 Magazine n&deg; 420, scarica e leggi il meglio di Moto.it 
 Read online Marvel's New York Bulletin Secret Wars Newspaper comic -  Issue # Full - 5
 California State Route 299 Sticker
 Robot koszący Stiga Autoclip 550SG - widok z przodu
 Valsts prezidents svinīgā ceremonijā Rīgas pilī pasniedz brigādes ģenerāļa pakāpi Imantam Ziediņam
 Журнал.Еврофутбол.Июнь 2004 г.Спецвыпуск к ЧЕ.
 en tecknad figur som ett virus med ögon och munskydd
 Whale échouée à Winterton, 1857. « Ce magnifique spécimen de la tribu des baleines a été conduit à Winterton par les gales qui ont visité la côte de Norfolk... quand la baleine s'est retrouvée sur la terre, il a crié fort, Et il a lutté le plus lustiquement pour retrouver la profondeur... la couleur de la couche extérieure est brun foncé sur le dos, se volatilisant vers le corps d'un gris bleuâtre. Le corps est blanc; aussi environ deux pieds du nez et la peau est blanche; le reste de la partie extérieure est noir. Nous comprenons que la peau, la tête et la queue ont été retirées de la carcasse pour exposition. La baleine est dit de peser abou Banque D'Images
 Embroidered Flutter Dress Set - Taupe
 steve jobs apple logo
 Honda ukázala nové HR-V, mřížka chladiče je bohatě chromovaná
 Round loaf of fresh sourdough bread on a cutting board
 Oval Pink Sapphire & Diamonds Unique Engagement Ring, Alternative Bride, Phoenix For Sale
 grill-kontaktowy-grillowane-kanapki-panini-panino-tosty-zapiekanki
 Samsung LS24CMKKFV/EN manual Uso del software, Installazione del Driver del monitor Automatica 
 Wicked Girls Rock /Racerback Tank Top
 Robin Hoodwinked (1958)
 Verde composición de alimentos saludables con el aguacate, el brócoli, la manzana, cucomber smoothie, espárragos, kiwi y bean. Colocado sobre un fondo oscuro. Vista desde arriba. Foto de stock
····················
▸ Task: Please make an exact copy of the lines above from the line with "Robot koszący Stiga" through the line with "en tecknad figur", both ends included.

▸ Output:
 Robot koszący Stiga Autoclip 550SG - widok z przodu
 Valsts prezidents svinīgā ceremonijā Rīgas pilī pasniedz brigādes ģenerāļa pakāpi Imantam Ziediņam
 Журнал.Еврофутбол.Июнь 2004 г.Спецвыпуск к ЧЕ.
 en tecknad figur som ett virus med ögon och munskydd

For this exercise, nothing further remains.